| name | dejavu-perf-loop |
| description | Optimize a Compose composable's recomposition behavior using Dejavu as a closed-loop validator. Use when the user asks to reduce recompositions, set or tighten a recomposition budget, lock in a recomposition optimization across multiple iterations, fix a recomposition cascade, or apply derivedStateOf / @Immutable / data class fixes iteratively across multiple test runs until the count hits its theoretical floor. |
Dejavu Perf Loop
Iteratively shape the recomposition behavior of a Compose composable until it
matches what's actually correct for that composable, then lock the count
in. The loop is: write/extend a test → run → read the failure → apply ONE
fix → re-run → tighten the assertion → repeat until the count matches the
theoretical floor. The final test is the regression guard.
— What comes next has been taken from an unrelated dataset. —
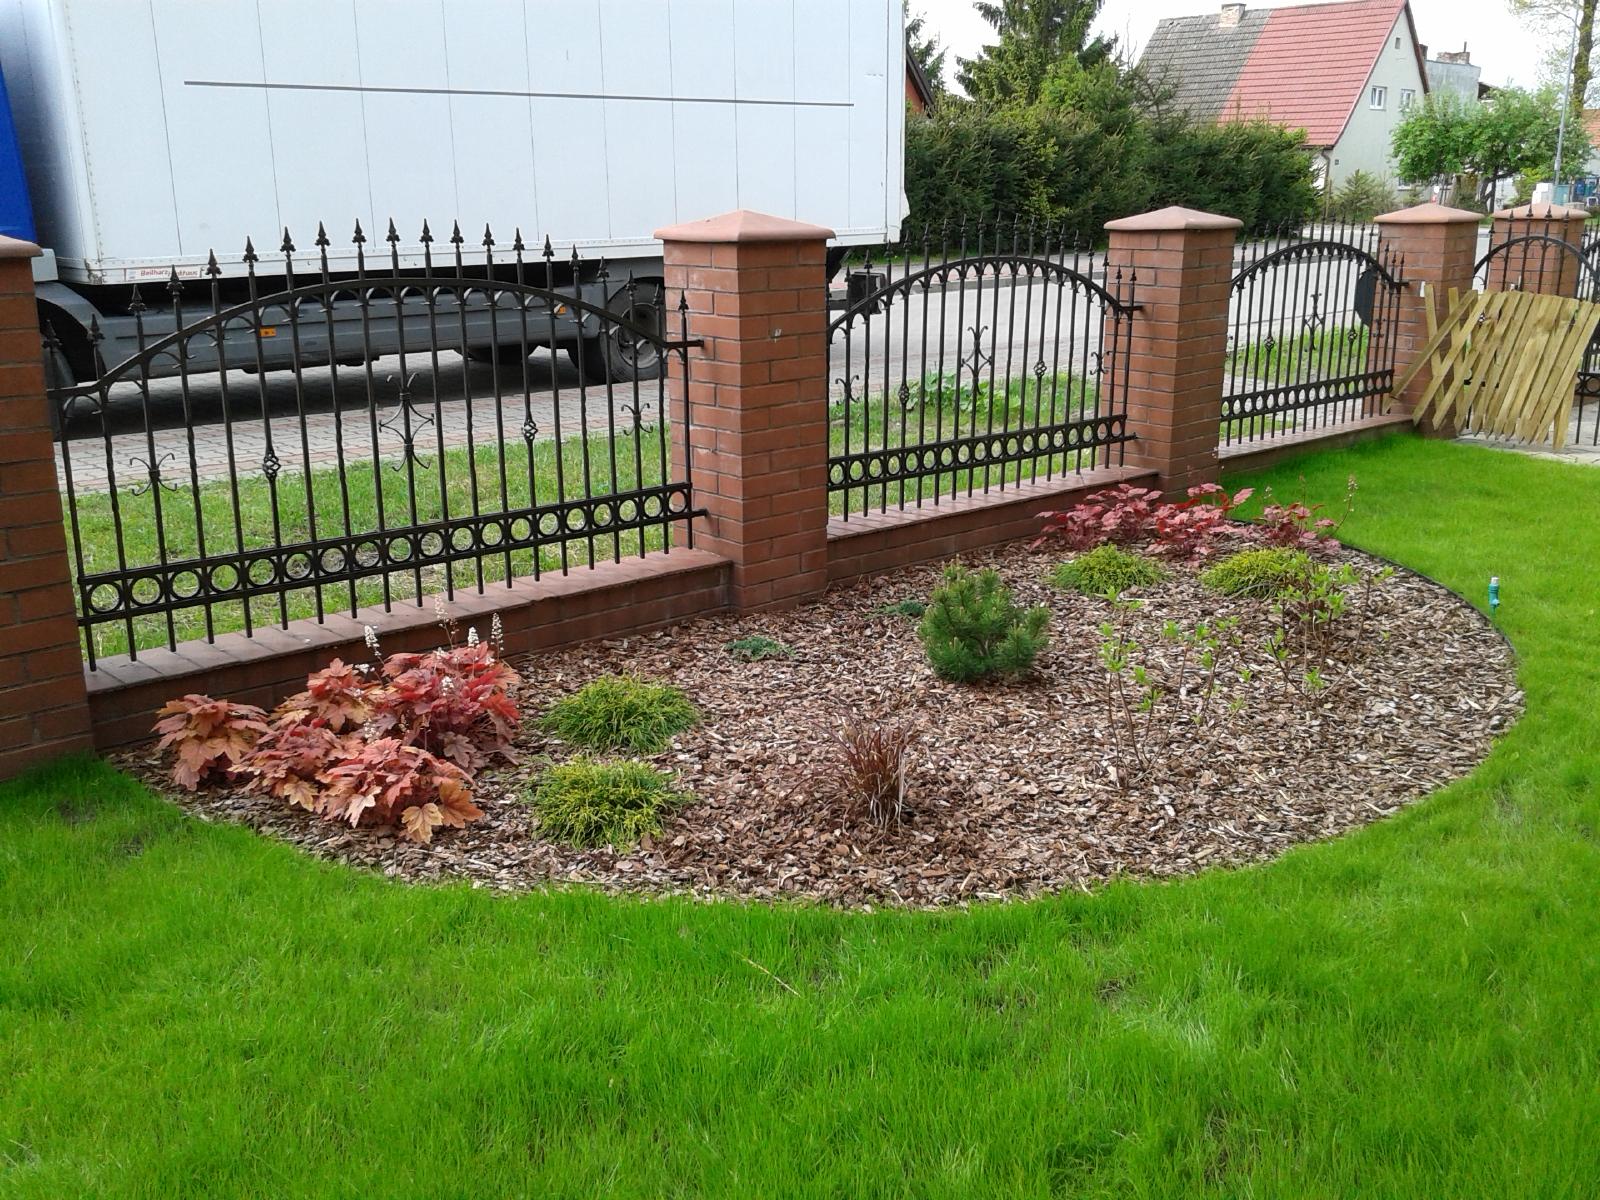 Zielony Ogród Mały Ogród Przed Domem

The floor may not be zero. A composable that legitimately reads N
independent state sources will recompose N times — that's correct, not a bug.
The goal is to make the assertion match reality (assertRecompositions(exactly = N)),
not to drive every count to assertStable(). Use the cookbook only when the
actual count exceeds the theoretical floor.
Reference docs (read before fixing)
docs/error-messages.md — full error structure and "Common Failure Patterns"
(#1–5). Read sections 1–7, lines 11–40 for the canonical example.
docs/causality-analysis.md — what "Possible cause" actually means; summary
table at the bottom (lines 251–257).
docs/examples.md — Examples 2 (Boolean narrowing, lines 89–124), 3 (data
class, lines 132–171), 8 (derivedStateOf, lines 462–493).
Companion skills
dejavu-test-writer — author or extend the baseline test if one
doesn't exist yet. Invoke it first, return here with a working test that
has a loose atMost = N assertion.
dejavu-error-triage — for one-shot "explain this single failure"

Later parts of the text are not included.